The team next injected these particles into tail veins of live mice. When imaged two hours later, Raman-active particles could be located without knowing where they were a priori (they had accumulated in the liver). When peptide-conjugated SWNTs were injected into mice bearing a human tumor, they homed to the tumor over 24 hours, whereas non-peptide-conjugated nanotubes did not. Critically, these particles could be detected even when there were very few of them to find. In its 2008 paper, Gambhir's team could see as few as 600 particles. Today, he can measure at close to the 10-attomolar range. The technique is “exquisitely sensitive,” he says.Raman on the ward
An obvious application for in vivo Raman imaging would be in oncology, where Raman's (or more properly, SERS's) “exquisite” sensitivity could help a physician ensure that a tumor is truly gone.
In 2011, Nie and Qian used their SERS nanoparticles and a handheld Raman probe to test blood samples for the presence of circulating tumor cells (CTC), those rare tumorigenic seeds that can lead to metastases wherever they land (3). The technique was sensitive enough to detect as few as one CTC per milliliter of whole blood.
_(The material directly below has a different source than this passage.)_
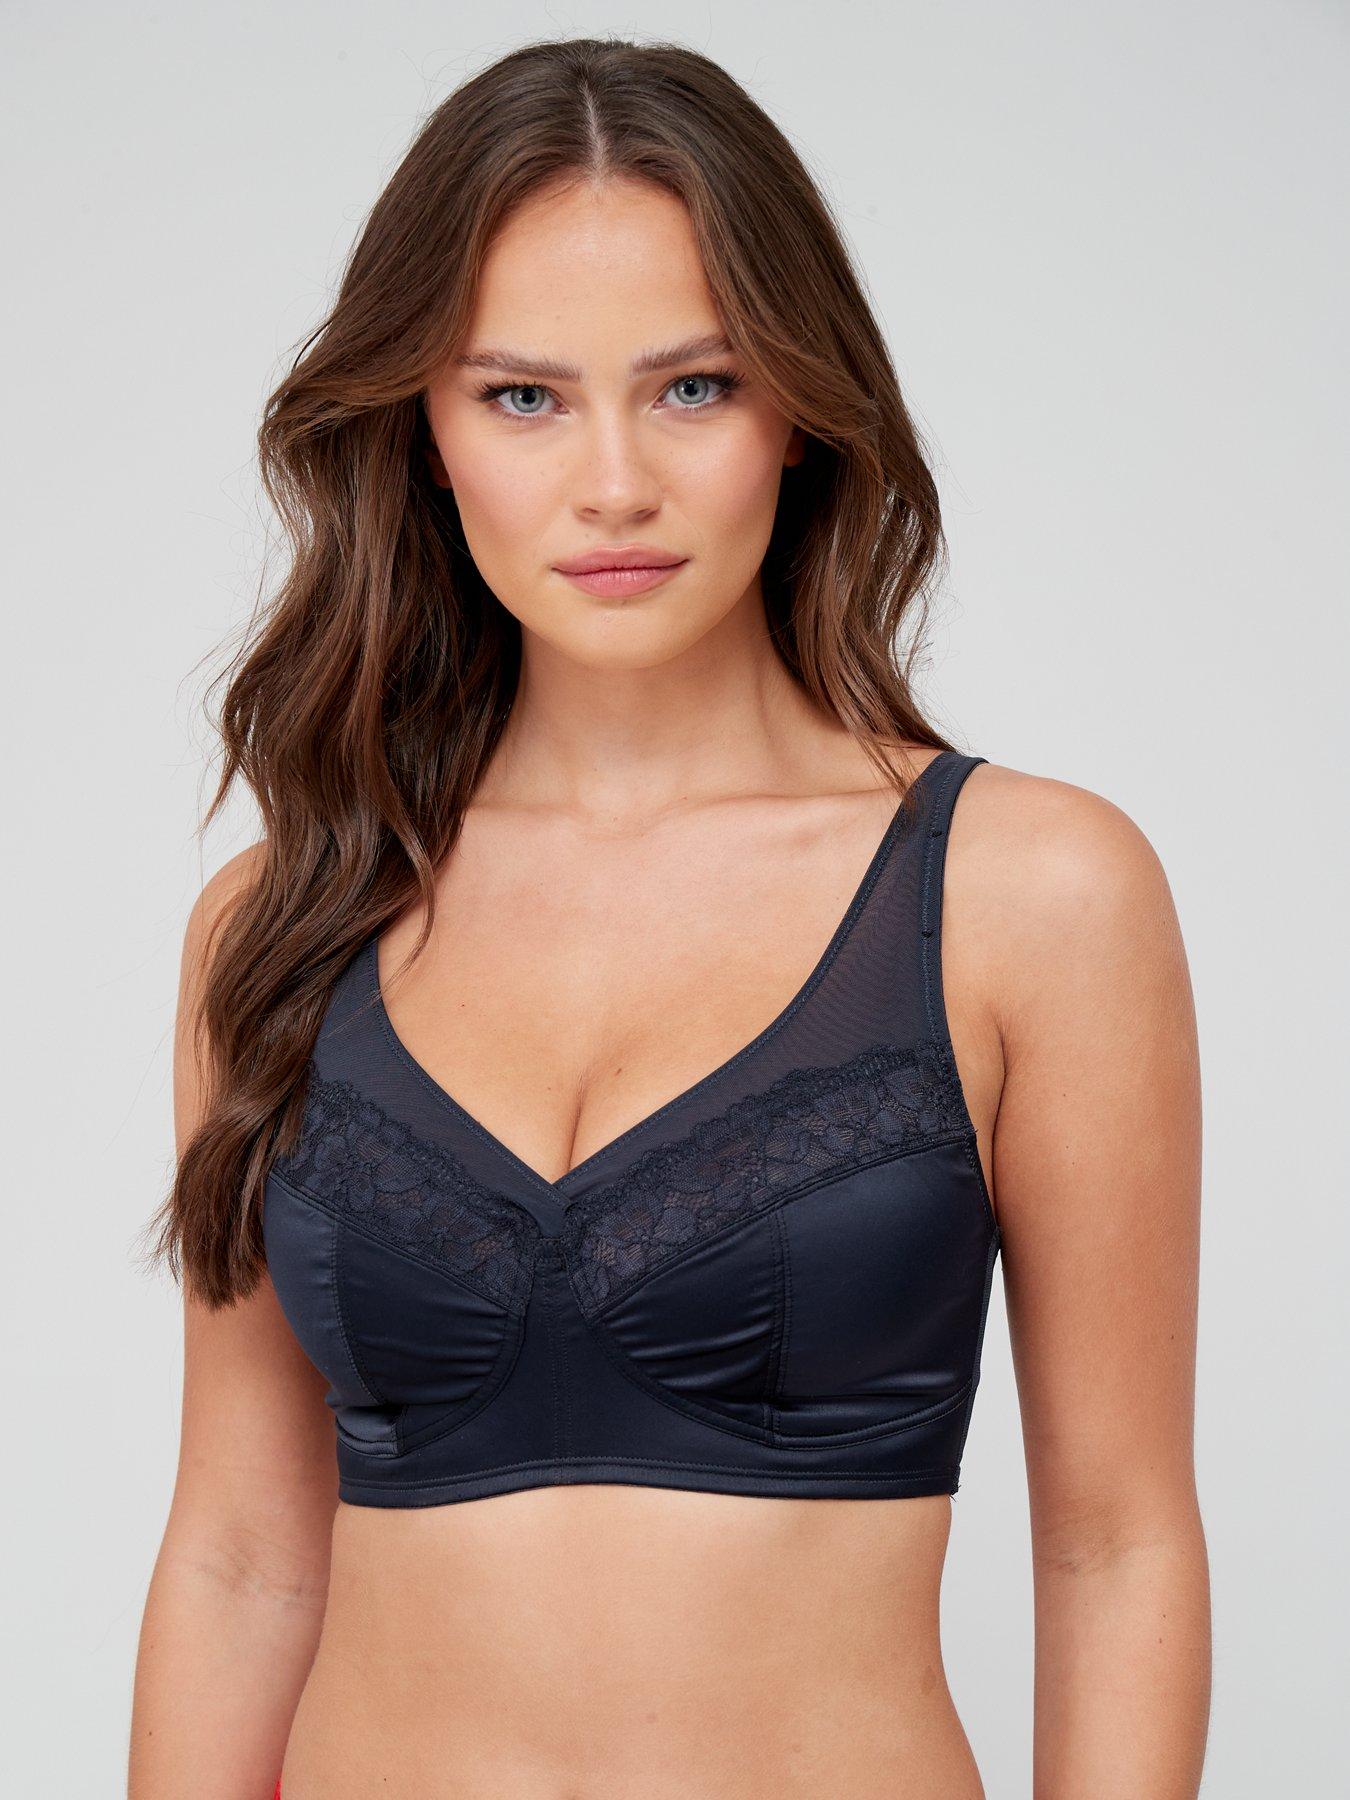 Triumph Doreen N, Firm support, Non wired, Lace, Non Padded, Full Cup Bra,  Black

For his part, Gambhir in 2012 described a tri-functional nanoparticle useful in magnetic resonance imaging, photoacoustic imaging, and SERS (4). The new particle, called an MPR (MRI-photoacoustic imaging-Raman) nanoparticle, is a 60-nm gold structure coated with a thin layer of trans-1,2-bis(4-pyridyl)-ethylene (a Raman reporter) and then again with a silica shell, and finally with gadolinium, making it MRI-responsive. When the team injected these particles into the tail veins of mice harboring a human glioblastoma, the particles accumulated in the tumor via the so-called “enhanced permeability and retention” (EPR) effect, a disruption of the blood-brain barrier, and could be detected using any of the three modalities. This was the tumor that was resected from that mouse brain earlier in the story, and Raman played a critical role in its detection and removal.
“The Raman part was very important because it let us see individual tumor cells that would have otherwise been totally missed,” Gambhir says — a development that, if replicated in humans, could dramatically improve long-term prognoses.
Of course, to achieve such benefits, physicians and researchers need access to user-friendly Raman equipment. “Technology based on Raman scattering is fairly specialized, so it requires more instrumentation than fluorescence,” says Nie. Indeed, Nie notes that relatively few groups have the capacity to use Raman for in vivo imaging, his and Gambhir's being among the most prominent.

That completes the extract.